Dikutip dari Wikipedia.com, sapiosexual atau dalam bahasa Inggris disebut sebagai sapiosexuality adalah ketertarikan seksual terhadap seseorang yang didasarkan pada kecerdasan yang dimiliki oleh orang tersebut, bukan ketertarikan pada fisik atau kekayaan.
Jadi ketika kita tertarik pada seseorang, kita tertarik bukan karena orang tersebut rupawan, atau hartawan, atau indikator lain yang hanya bisa dilihat dari luar. Akan tetapi sapiosexual adalah kita tertarik pada kepribadian, insight kecerdasan yang dimiliki oleh seseorang. Dan kecedasan di sini bukan hanya soal intelektualitas semata, tetapi juga mencakup kecerdasan emosional seseorang.
Jika selama ini kamu tertarik pada seseorang karena dia cerdas, atau menarik dari segi kepribadian, bisa jadi kamu ini termasuk seorang sapiosexual lho. Mencintai seseorang karena fisik atau harta yang dia punya tidak akan membuatmu merasa bahagia untuk waktu yang lama, karena apa yang tampak di depan mata bisa saja hilang pada waktunya. Tetapi mencintai kepribadian seseorang bisa membuat cintamu lebih tulus, dan mencintai dengan tulus adalah hakikat cinta yang sebenarnya.

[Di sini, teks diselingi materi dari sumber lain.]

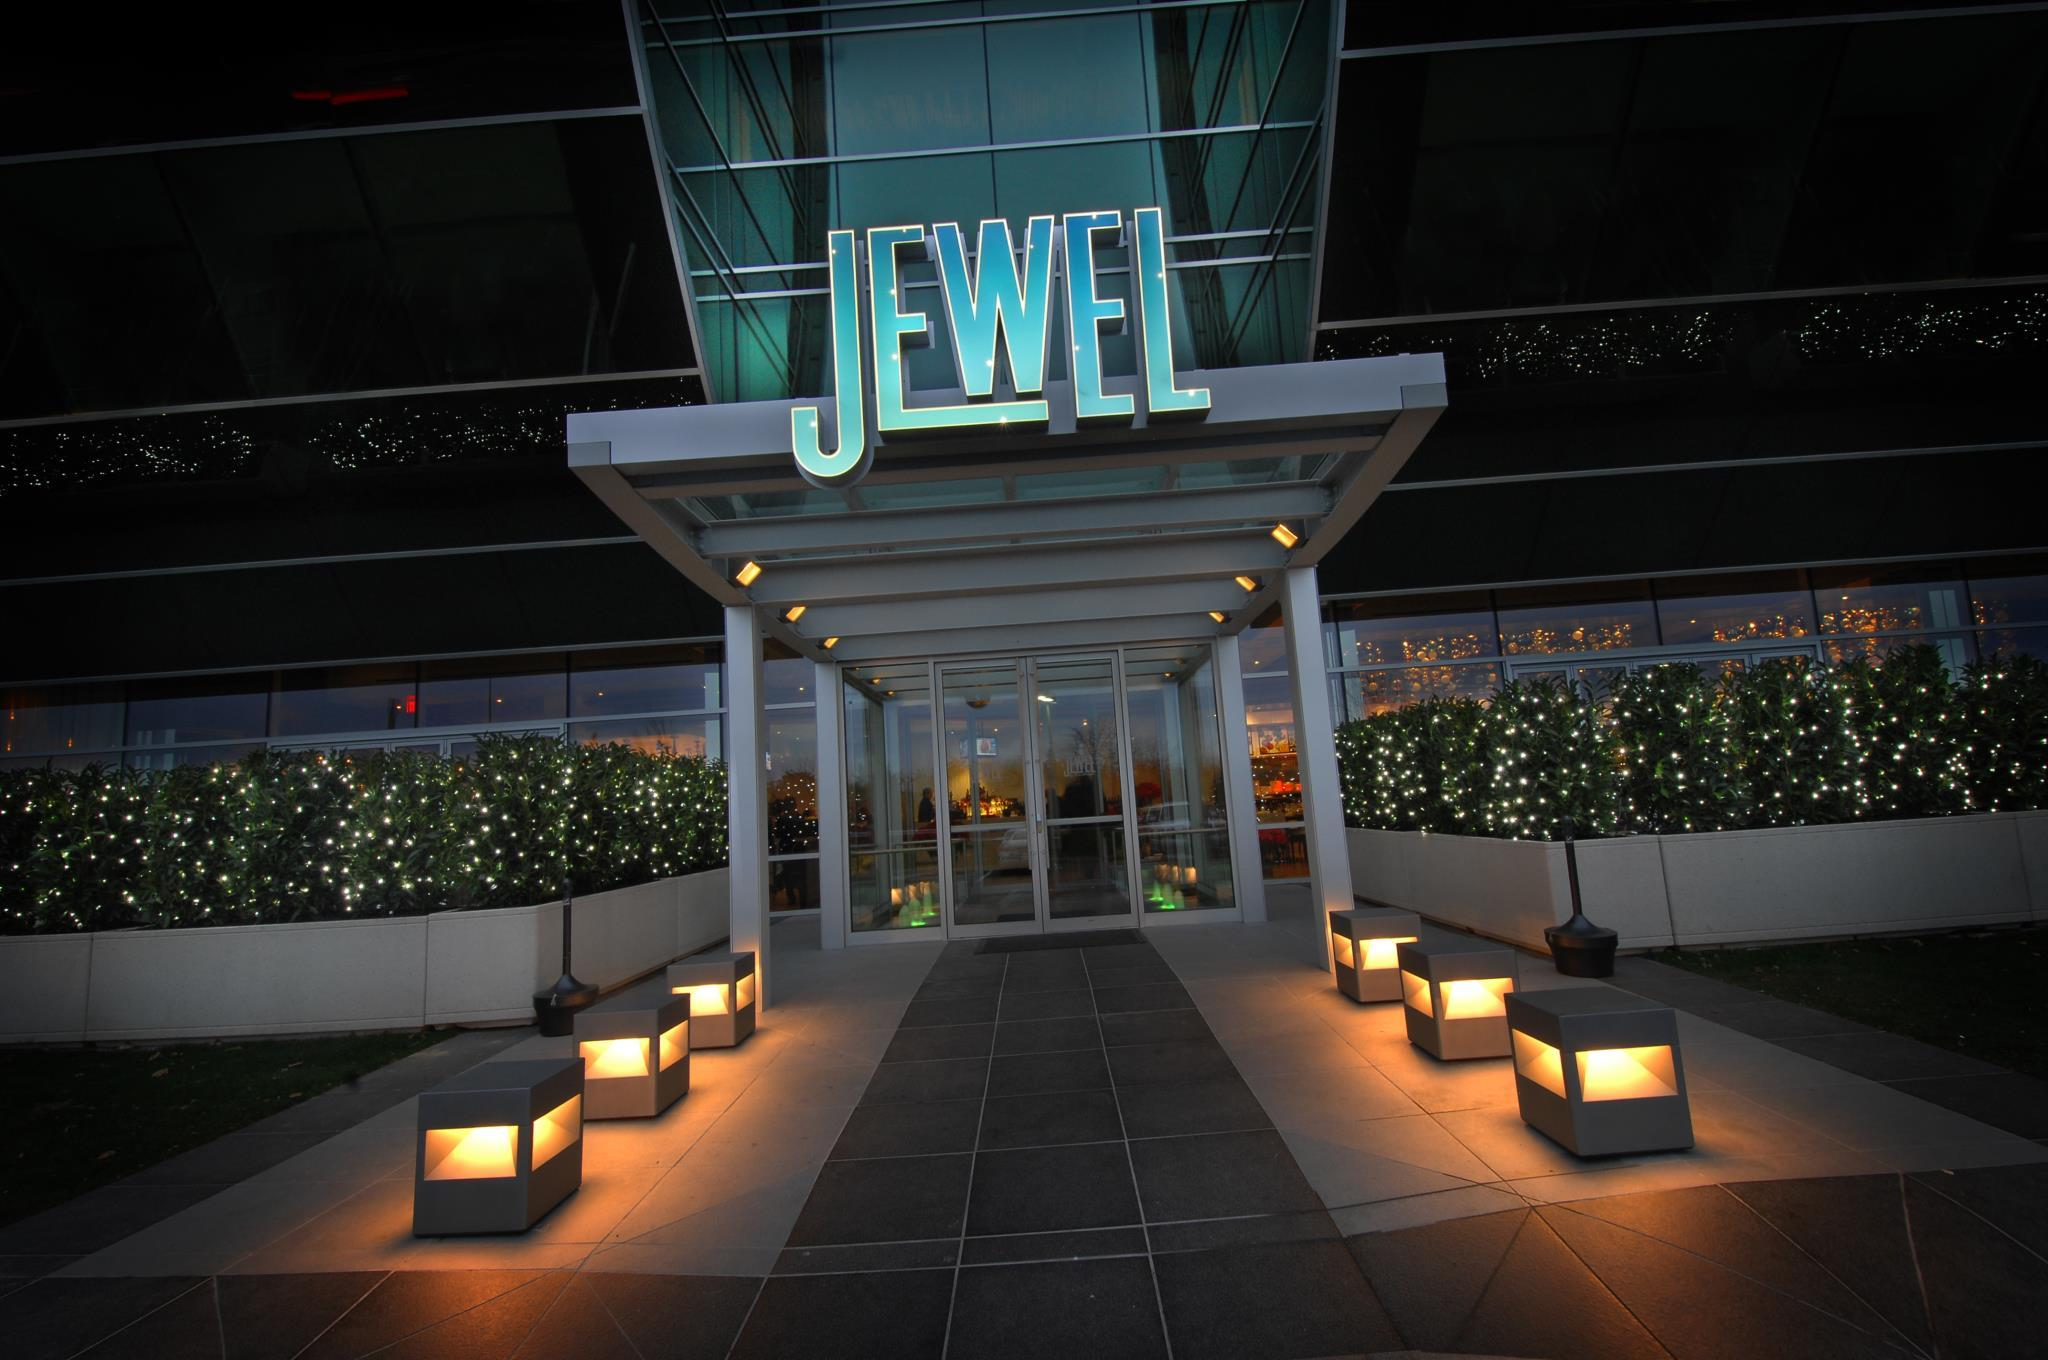 Photo at Jewel by Tom Schaudel

Nah, maka dari itu, sapiosexual cenderung kepada hal yang positif. Di era sekarang, sangat sulit menemukan seorang sapiosexual. Kebanyakan dari kita, menyukai seseorang karena fisiknya, atau hartanya. Jadi memiliki sifat atau kecenderungan seksual sapio merupakan hal yang istimewa.
Lalu, apakah kamu tertarik menjadi seorang sapiosexual?